The pre-claim review demonstration now underway for home health agencies in Illinois has shrunk the robust acquisition pipeline of one of the nation’s largest providers, LHC Group (Nasdaq: LHCG).
Lafayette, Louisiana-based LHC has been vocal about pursuing a large acquisition pipeline. But a big chunk of those deals have been at least temporarily put on ice by pre-claim. The Centers for Medicare & Medicaid Services (CMS) launched the effort as a way of rooting out improper documentation and fraud, but providers have said that submitting their claims for pre-approval by Medicare Administrative Contractors (MACs) is a huge administrative burden, and pre-claim rejections threaten cash flow. The rollout in Illinois has generated huge backlash, leading to calls for CMS to pause the program rather than expand as planned to four other states.
“[About] 50% of the volume in our pipeline we were moving forward with actively had significant exposure in those five demonstration states, and that caused the negotiations with those sellers to slow to a halt,” LHC Group CEO Keith Myers said Thursday at the 2016 Wells Fargo Healthcare Conference in Boston.
LHC Group had questions about how pre-claim might affect those sellers’ referral volume, and the providers could not answer those questions with enough detail for LHC to generate models, Myers said.
The deals that went from being active to pulled from the pipeline accounted for half a million dollars in revenue, he said. Some hospital system transactions then got added, bringing the current active pipeline to $750 million in potential revenue.
However, while pre-claim review might be suppressing M&A activity in the short-term, Myers believes that it ultimately will drive further consolidation of the industry. That’s because pre-claim could affect cash flow of smaller providers in unsustainable ways, compelling them to consider selling.
LHC Group itself has little exposure in the pre-claim states, with 19 locations totaling about $40 million in revenue, Myers said. Even for those locations that are in pre-claim areas, the demonstration should not pose too steep a challenge, he suggested.

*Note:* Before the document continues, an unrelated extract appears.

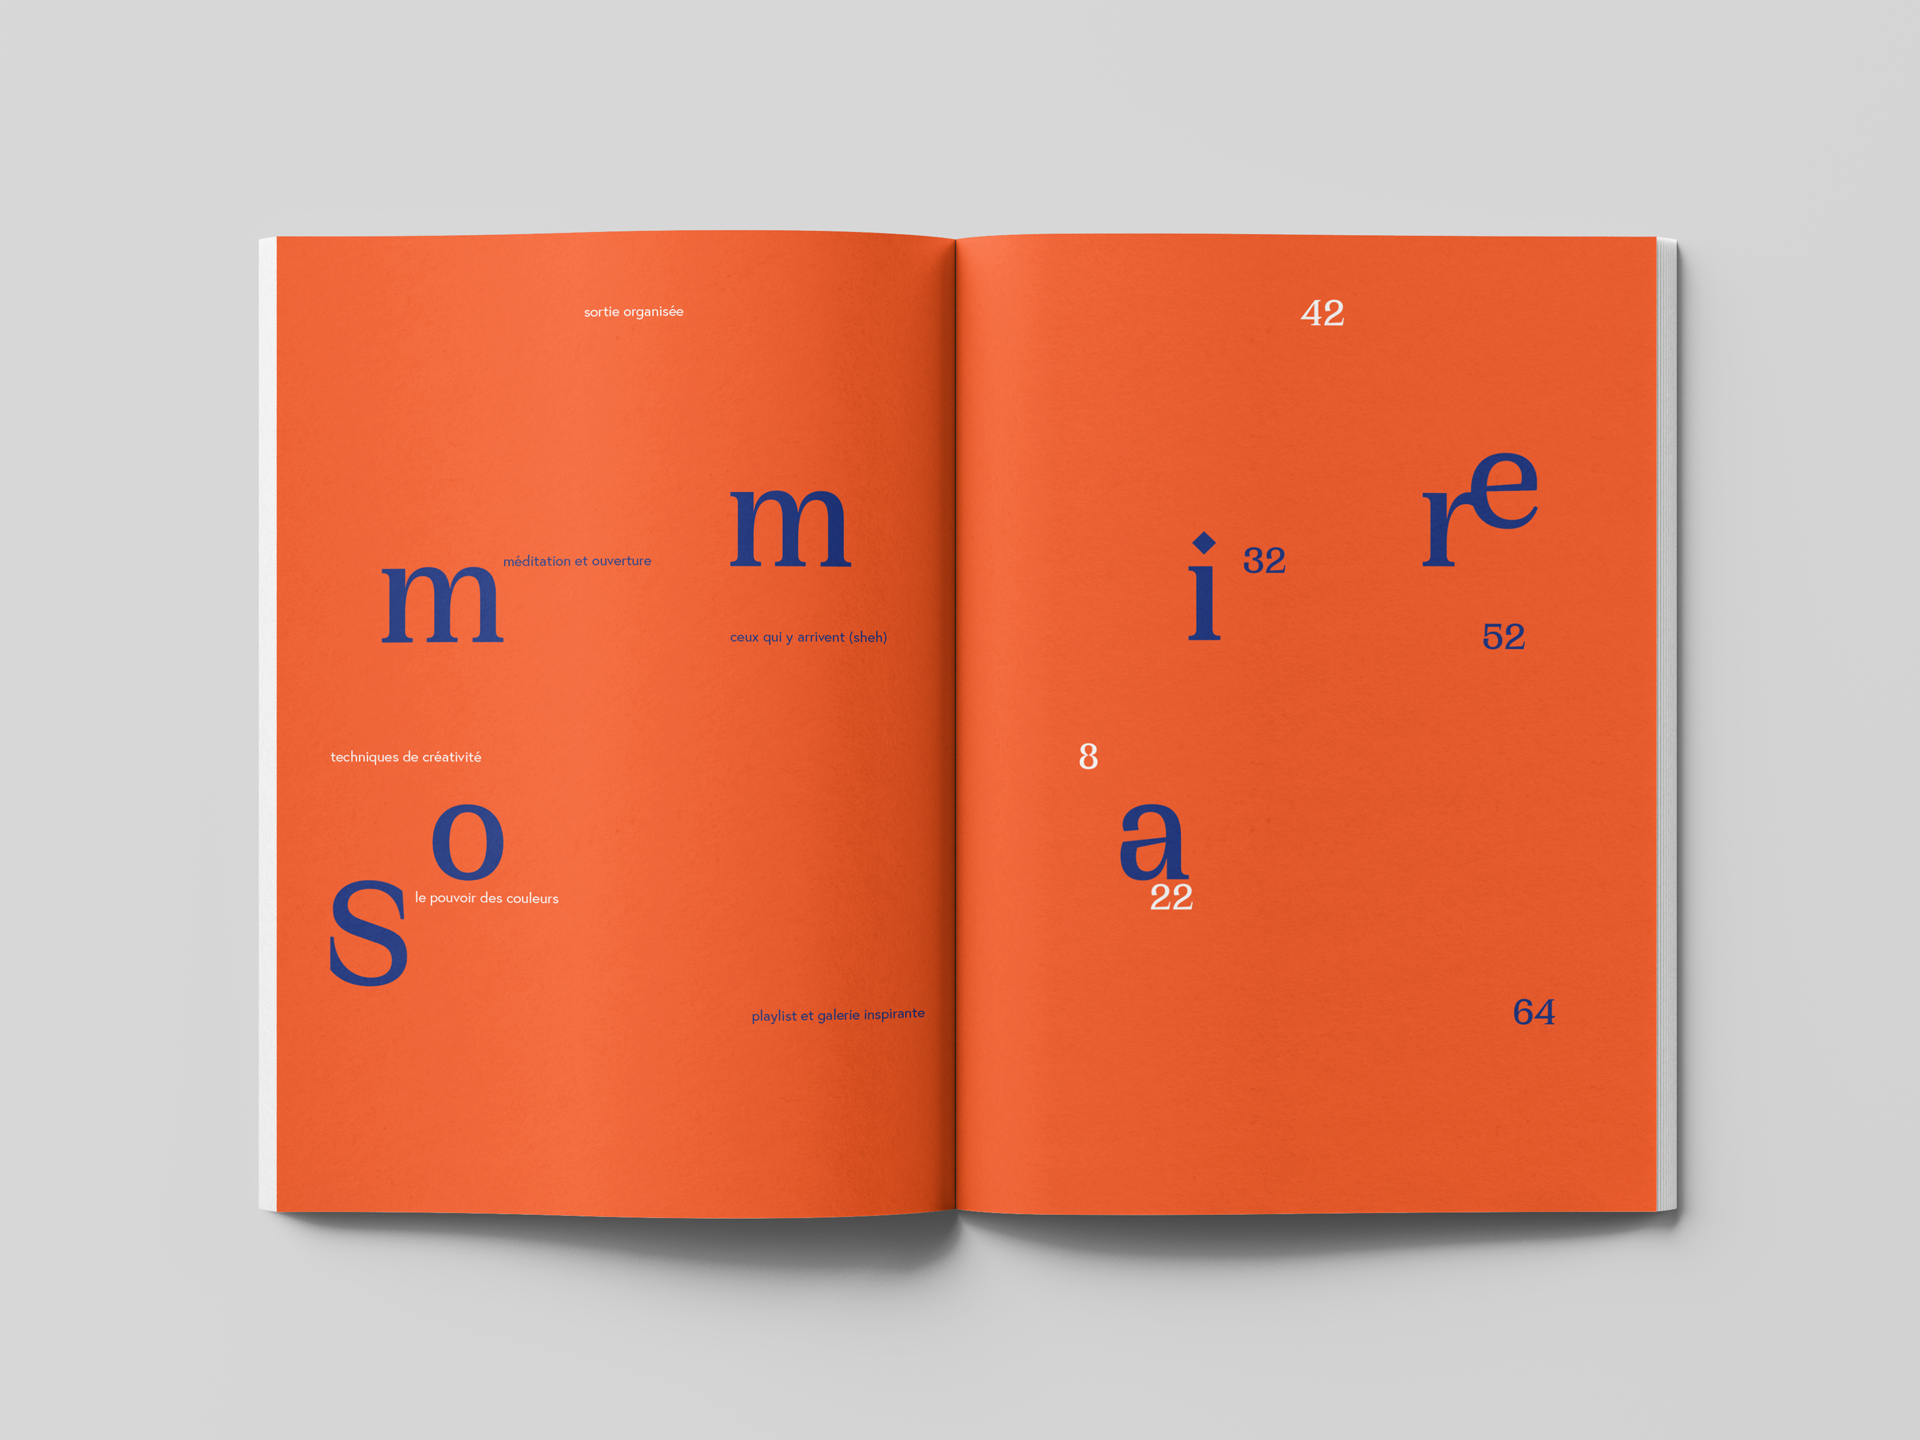 Sommaire du numéro "créativité organisée". La double page est majoritairement orange, le mot sommaire étant écrit avec une typographie incisive et bleue et les différentes catégories et la pagination dans une typo plus classique, alternant entre du bleu et du blanc.

“We have an end of episode audit before we drop a claim, [and] we’ve moved that to the front end now, in those states, so a nurse goes out and assesses a patient,” he said. “We scrub it and do that audit on the front end before we submit for approval.”
The company may face one-time consulting costs related to pre-claim but that should not be material, according to Myers. And he emphasized that LHC Group has a team in place already to challenge Medicare denials, with a success rate around 98%.
Overall, LHC Group will consider it a successful year if it acquires $100 million or more in revenue, and it has a little more than than that budgeted for 2017.
“That’s a steady growth curve for us,” Myers said.
Bullish on Bundles
Despite being confident that pre-claim poses no grave threat to LHC Group at this point, Myers said he does not mean to “put a positive spin on something negative.” However, he was much more emphatic in describing bundled payment initiatives as a good thing for the company. For example, LHC has seen success in the Comprehensive Care for Joint Replacements (CJR) bundle, which makes a hospital responsible for a full episode of care for certain orthopedic patients, incentivizing them to work more closely with home health providers.
“It has been very positive,” Myers said. “It has provided us an opportunity to generate real data—results, not theoretical—and use that to present to others to grow our business.”
One example is what LHC Group has done with New Orleans-based Ochsner Health System. At the outset of the CJR program, LHC contracted with Milliman Analytics to see where costs were coming from for the relevant patients. The home health company then put together a plan for how it could help lower costs and presented it to Ochsner. A key part of that plan involved lowering length-of-stay in the hospital by caring for more patients at home, and sooner.
The playbook has been a success, with length-of-stay down from about three days in the hospital to one for knee patients. Costs now down 15% overall for those patients in the bundle, said Myers. That overall cost reduction breaks down roughly as follows: 54% due to reduction in length-of-stay; 30% reduction from less skilled nursing facility utilization; and 16% reduction from lower rehospitalization rates.
“A model was developed that’s replicable,” Myers said. “We have nine of our hospital [joint venture] partners in CJR, and we’re seeing that same experience in all of those bundles. All of our hospital partners, even those not in the bundles, know that this is coming and are asking us to do similar things, and we’re seeing increased volume as a result.”
There are some challenges. For example, incentives among different providers in an episode of care still may be misaligned, Myers said. For instance, a SNF has an interest in keeping patients even if they could be cared for in the lower-cost home health setting. This situation may lead LHC Group in a limited way to begin managing SNFs and other inpatient settings—it was “short-sighted” not to do so with Ochsner, according to Myers.
Another issue is that hospitals still face mandates to offer patients lists of home health providers to honor their right to choose, which hamstrings hospitals from directing referrals to the best post-acute providers, said Brock Myers, vice president of strategic partnerships.
“When provider choice is a hundred different names, [a patient] might select one with a 40% readmission rate,” he said.
Despite challenges like these, however, LHC Group believes in the bundled payment concept in no uncertain terms.
“I can’t think of any epiodes we provide we would not like to see bundled,” said Keith Myers.